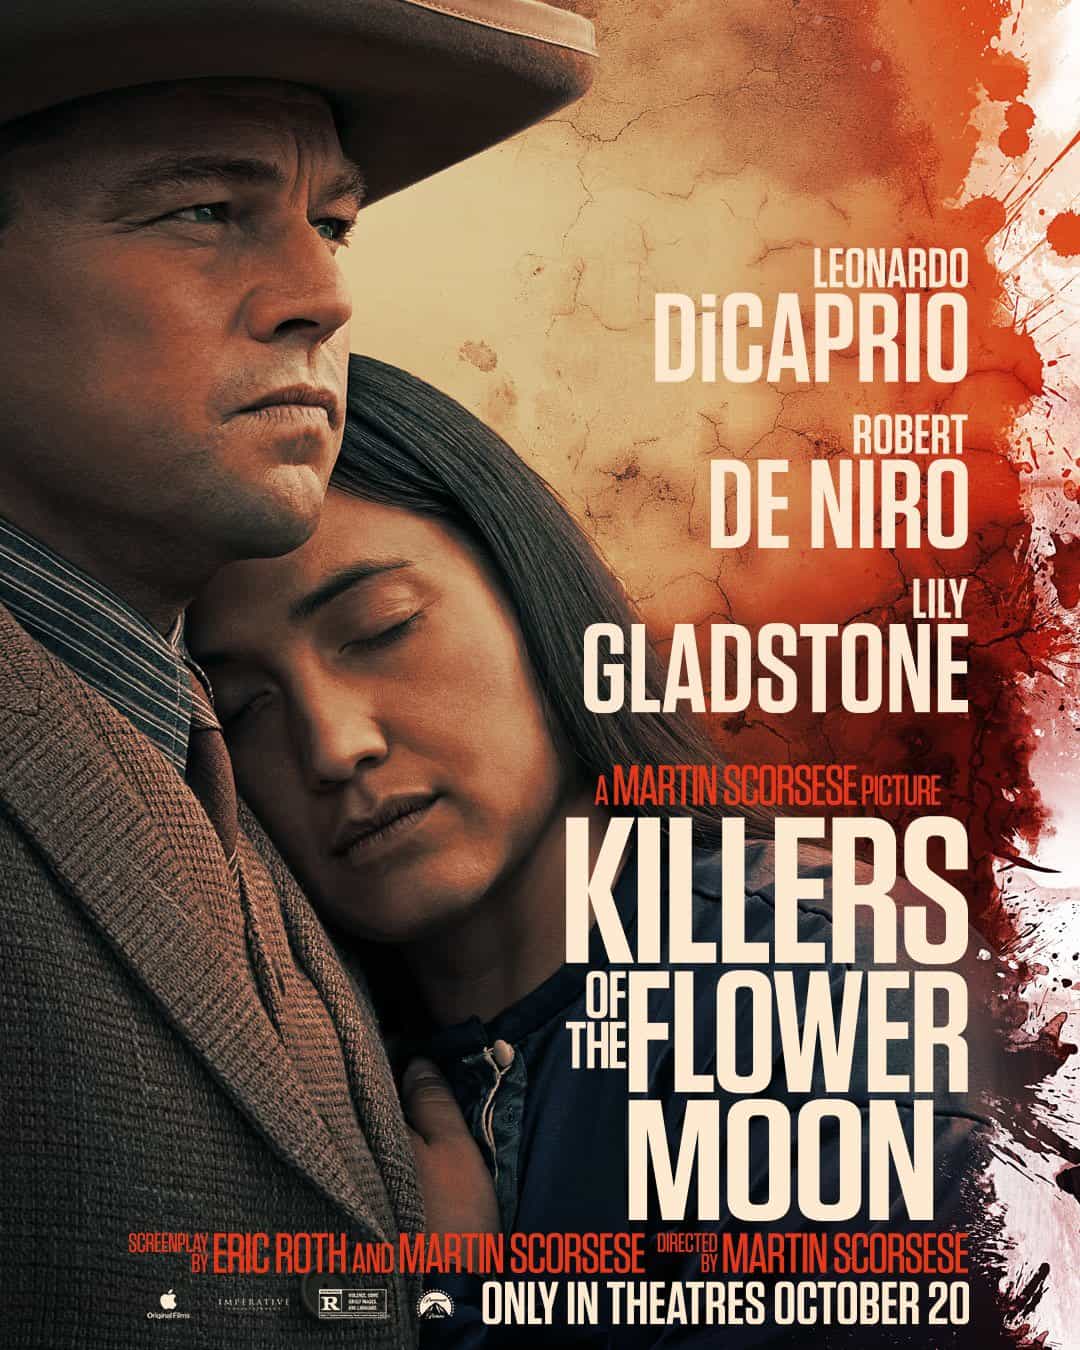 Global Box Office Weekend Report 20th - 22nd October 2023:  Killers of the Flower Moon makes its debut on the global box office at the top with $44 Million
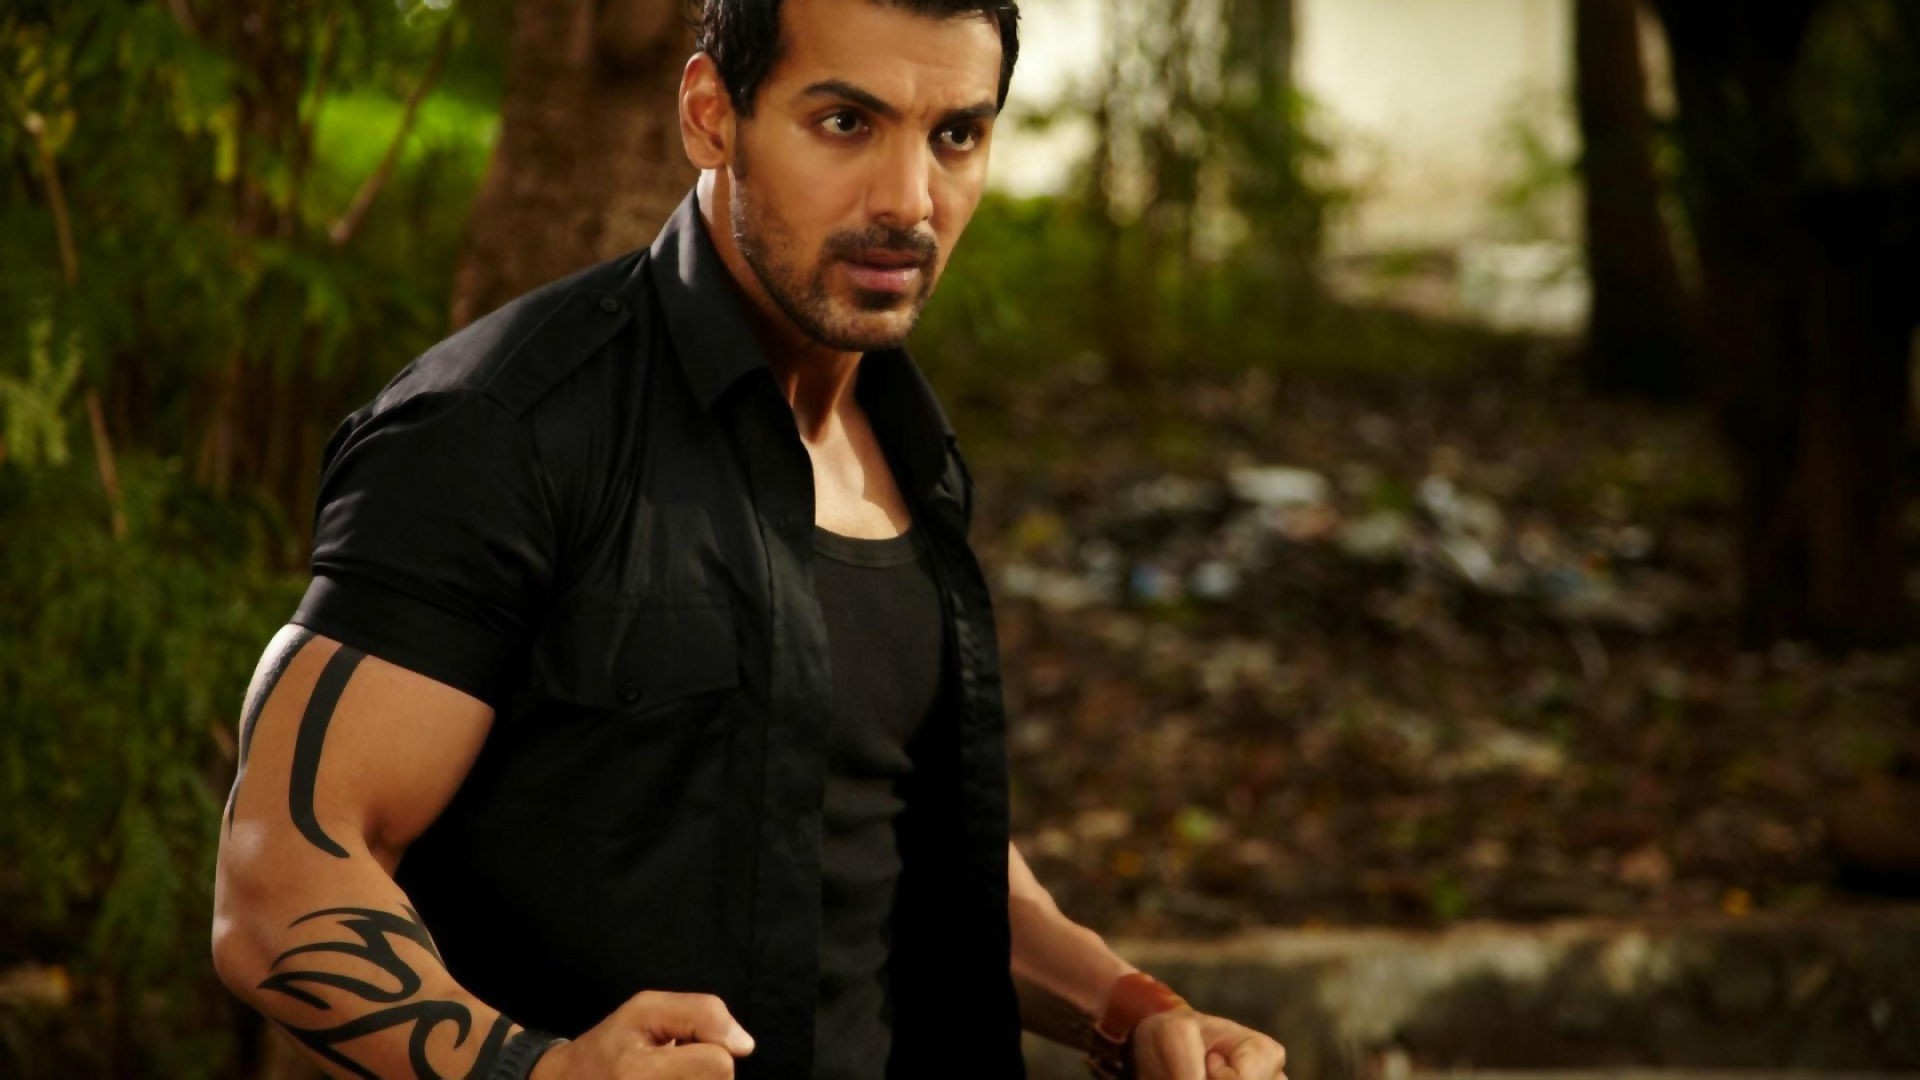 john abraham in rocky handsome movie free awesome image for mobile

+++++

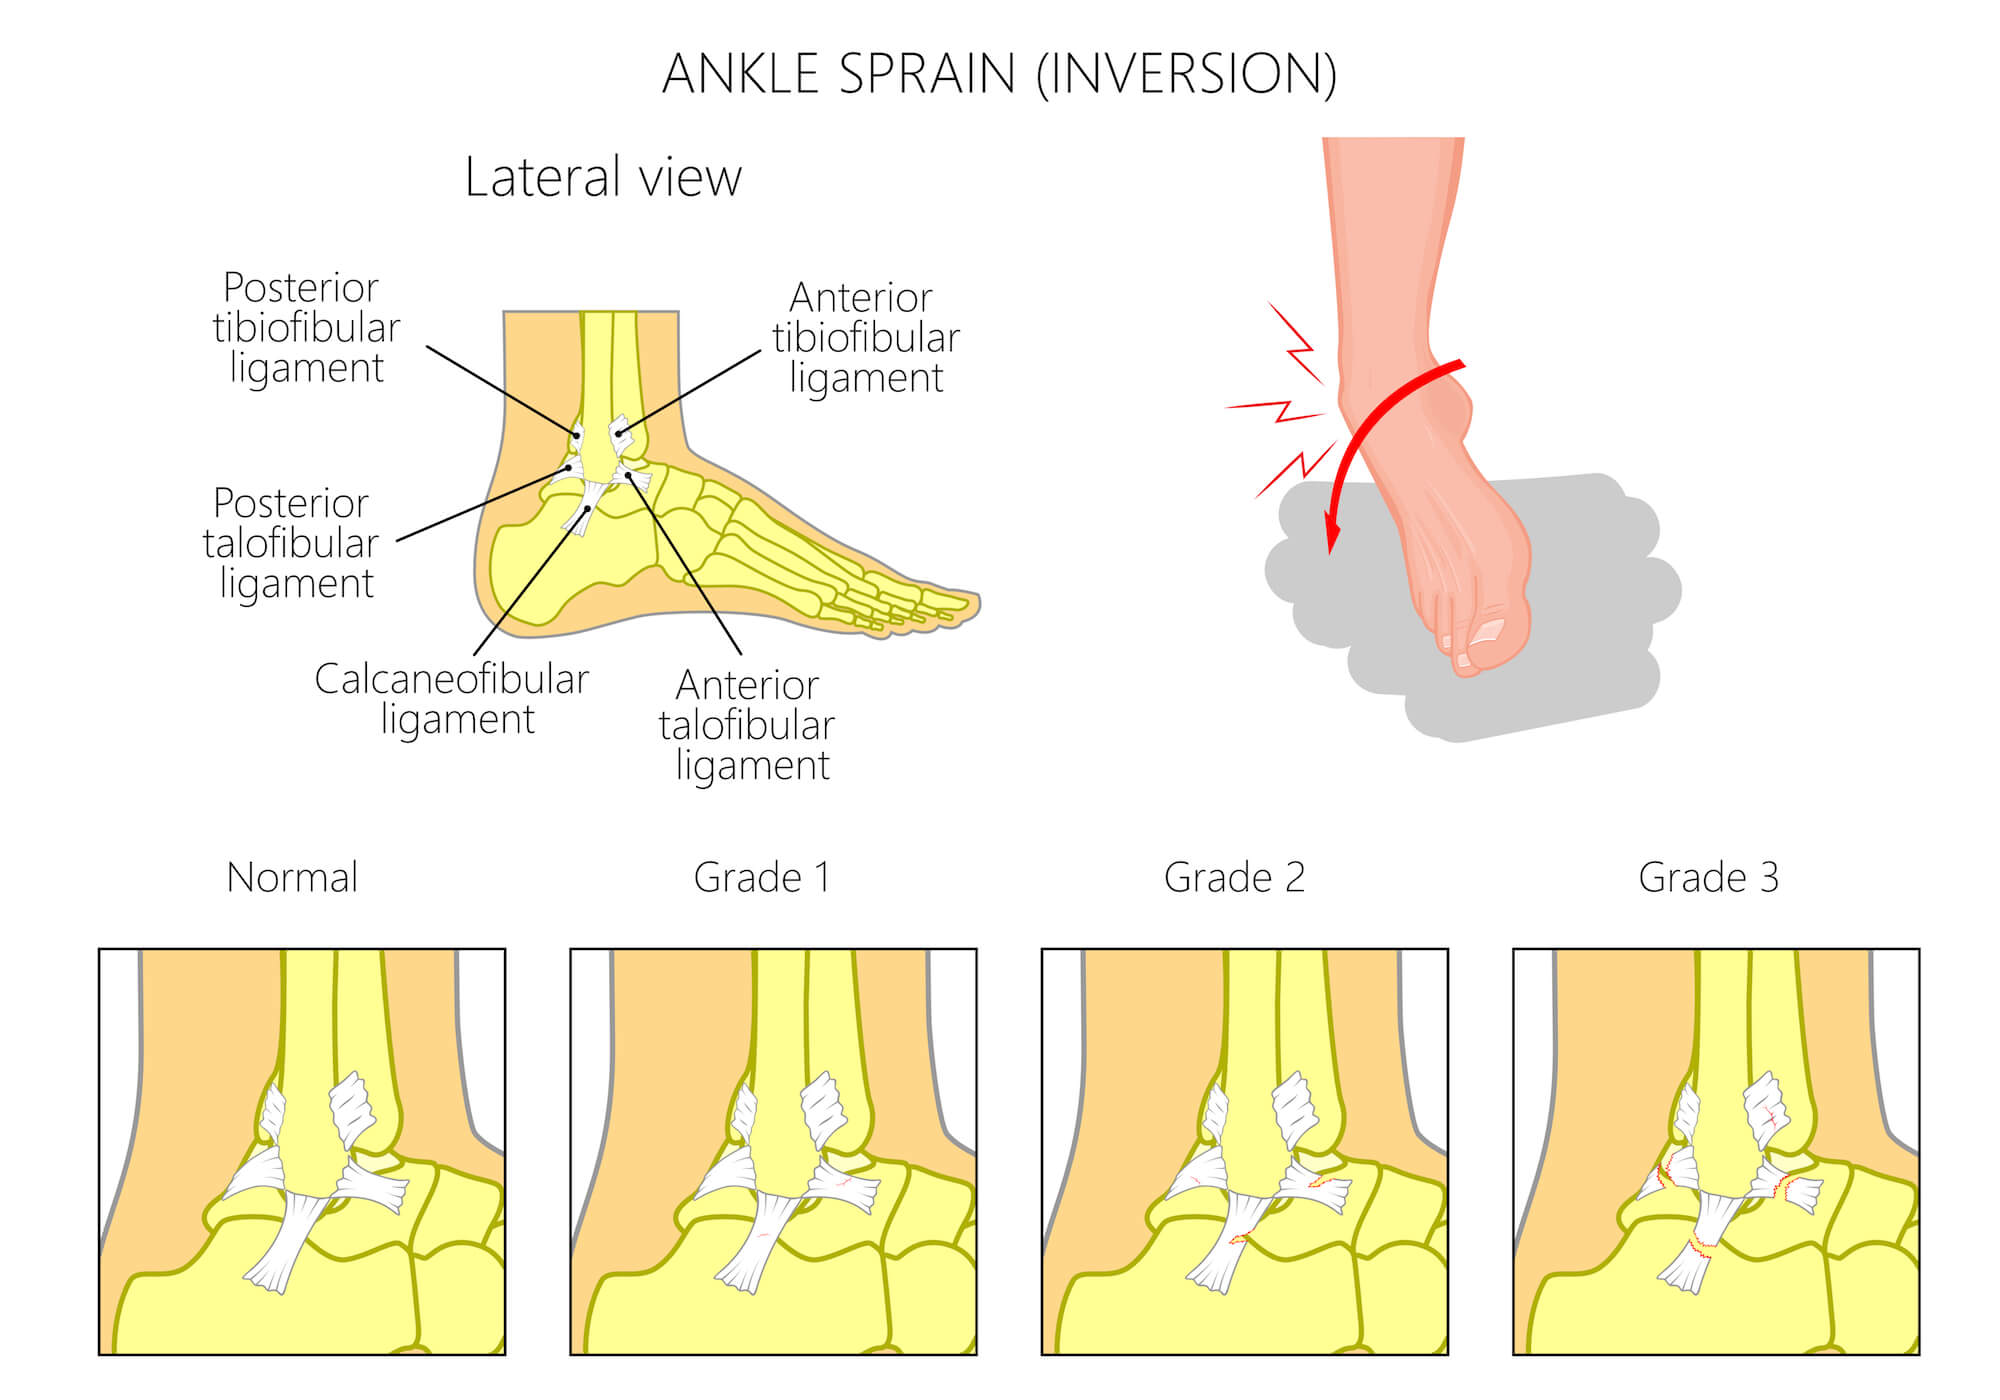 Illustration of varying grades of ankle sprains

+++++

Reproduce the lines above beginning at the line that contains "Global Box Office Weekend" and ending at the line that contains "john abraham in". No pictures.

 Global Box Office Weekend Report 20th - 22nd October 2023:  Killers of the Flower Moon makes its debut on the global box office at the top with $44 Million
 john abraham in rocky handsome movie free awesome image for mobile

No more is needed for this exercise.